Despite facing patent challenges, Finjan’s unique approach to threat detection has stood the test of time, powering numerous security campaigns. Finjan’s current licensing model is royalty-based — companies are allowed to use Finjan’s code and tools as long as dues are paid.
“Any company that’s talking about behavior-based threat detection or sandboxing is using our technology, so there are certainly a lot of folks using it out there,” Vanessa said. “Beyond paying royalties, they have the ability to use our technology and play in the market, as long as we’re both aware of what they’re doing.”

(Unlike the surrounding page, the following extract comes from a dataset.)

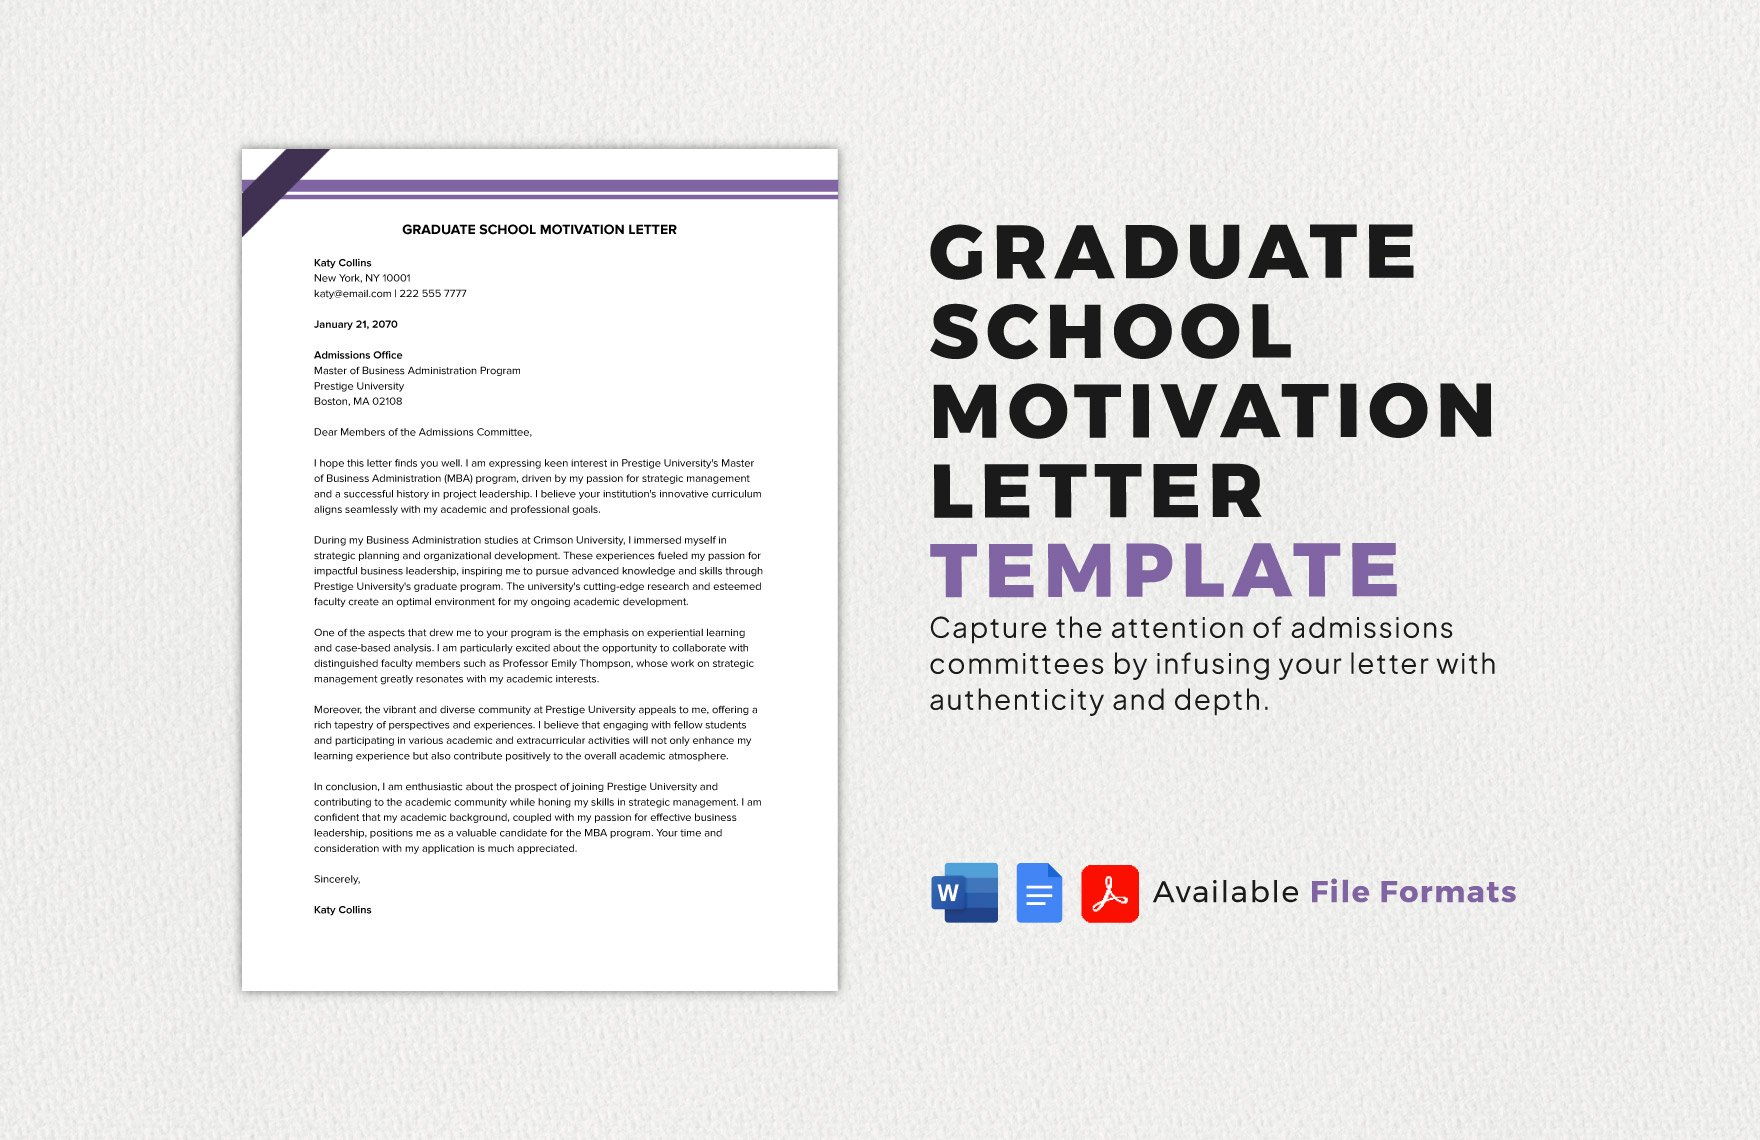 Graduate School Motivation Letter Template

Although many of these tools may not feature the name Finjan, they still use its groundbreaking detection methods to bring peace of mind to end users across the globe.
Combating Threats With a Close-Knit Team of Innovators
Finjan’s general attitude toward threat detection and security innovation is a reflection of Shlomo’s out-of-the-box thinking when he managed to impress Sun Microsystems back in 1996. For more than two decades, Finjan has been combating online crime by getting into the heads of those attempting to break and poke holes in otherwise stable code.
With most of its technological development in the past, Finjan now focuses on building up its various subsidiaries, including CybeRisk, Finjan Blue, and Finjan Mobile. CybeRisk provides security advisory services on a global scale, while Finjan Blue is the company’s attempt to partner with IBM for future patents and development projects.
Finjan’s modern approach takes a special focus on mobile security. When smartphones first emerged, the concept of antivirus apps was relatively unheard of. In more recent years, however, criminals have been able to exploit vulnerabilities in popular apps for companies like Facebook and Starbucks — stealing login information and even credit card numbers.
“The key thing we want to do is educate consumers and let them know what’s happening on their mobile phones, as a lot of folks are not aware,” Vanessa said.
The massive popularity of indie-developed apps further increases this risk, as less experienced developers may be unaware of the vulnerabilities lurking in their software packages.
A long-standing innovator, Finjan managed to change the face of web security forever.
“We want folks to recognize that we are an innovator with a big history in the market, and our purpose right now is educating them on who we are and what we’re about,” Vanessa said.
Today, Finjan is run by a small team of passionate technology enthusiasts. Vanessa cites the close-knit nature of the company as a major factor in its success. And she told us the passion for innovation that inspired Shlomo is the same passion that drives Finjan’s staff today.